PDA

View Full Version : Building a gaming PC



jrap123
17-07-2011, 09:22 PM
Hi there

I am saving up to buy the parts for my own gaming PC. How much should I spend on each part? My budget is $2000-2200 (NZ). Also where should I buy the parts?

Cheers,
Jack

8ftmetalhaed
17-07-2011, 09:29 PM
Parts priority for gaming will go in this order.
GPU > CPU > Mobo > HDD > Ram > rest.

Oh and PSU is incredibly important, but just buy a thermaltake or corsair or something with enough wattage for the card you choose, and you'll be right on the money.
As for where to buy, computerlounge.co.nz can do bundle deals and the like. Hit them up and give them a list of what you're looking to play, and they'll see you right.

dpDesignz
17-07-2011, 09:52 PM
+1 comp lounge

inphinity
17-07-2011, 11:05 PM
ComputerLounge or PlayTech. I'd look at the 2nd-gen SandyBridge i5s/i7s, 8GB RAM, a 560Ti or 6870, Corsair 750W PSU, Gigabyte or Asus motherboard, and an SSD + a 2TB drive if you can stretch it.

Trev
18-07-2011, 09:07 AM
I buy from here. (http://www.ascent.co.nz/) according to the latest comsumer mag, number one for customer support.
:)

dugimodo
18-07-2011, 12:55 PM
I'd rate RAM & MB about the same, neither can actually effect the performance more than a few % unlike graphics and CPU. Other than that I'd agree with everyone so far.

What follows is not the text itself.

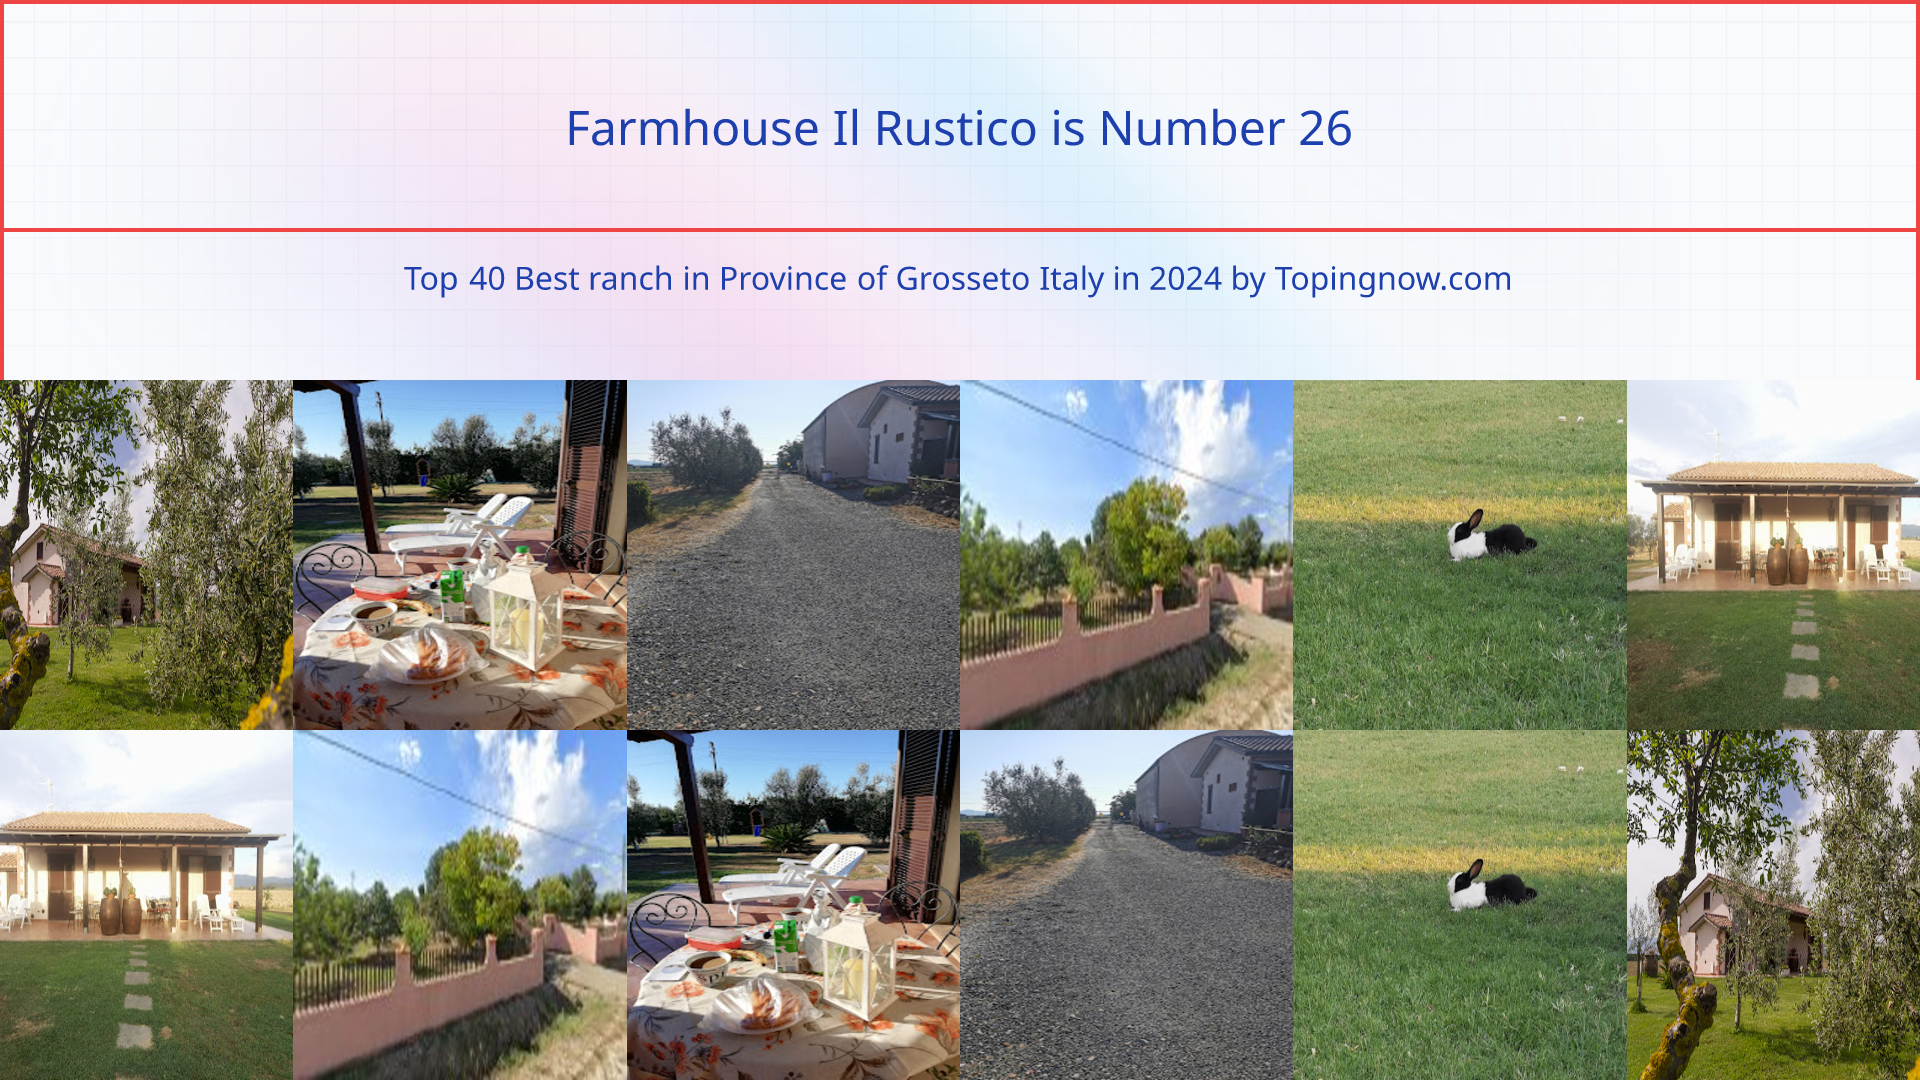 Farmhouse Il Rustico: Top 40 Best ranch in Province of Grosseto Italy in 2024

A few personal tips on current hardware:

i5 2500K is the best gaming CPU option currently, or the plain i5 2500 if you are not into overclocking. Although the i7 2600 & 2600K are faster the difference is tiny (100 Mhz) and games really don't benefit from hyperthreading which is the only other difference.

8Gb of RAM is the current sweet spot, but at least 4Gb is required to game smoothly on new titles. Any more than 8 is only really worth considering if you are trying to future proof a machine to last a long time as memory requirements tend to increase over time.

For the motherboard one thing to consider is wether or not you plan to SLI/Crossfire (myself I wouldn't again). A board with an extra space between PCIE slots can help with cooling

Short Version:
i5 2500K
4-8 Gb RAM
any p67 or Z68 Asus or Gigabyte Motherboard
Geforce GTX560Ti, ATX 6950 or better graphics card
A fast Hdd and / or an SSD
Windows 7 64 bit
Quality 650-800W PSU, corsair or similar
Case with good airflow
1080P widescreen monitor :)

Any extra cash left in the budget spend on the graphics card, it is the biggest performance boost possible. After that consider CPU and fast SSD's as options, or add extra RAM. If you are having trouble getting in under your budget go with a cheaper hard drive like A WD blue 1TB and a basic model motherboard (the actual gaming difference with a single graphics card on a cheap motherboard vs a high end gaming one is actually very small, usually 1-3%).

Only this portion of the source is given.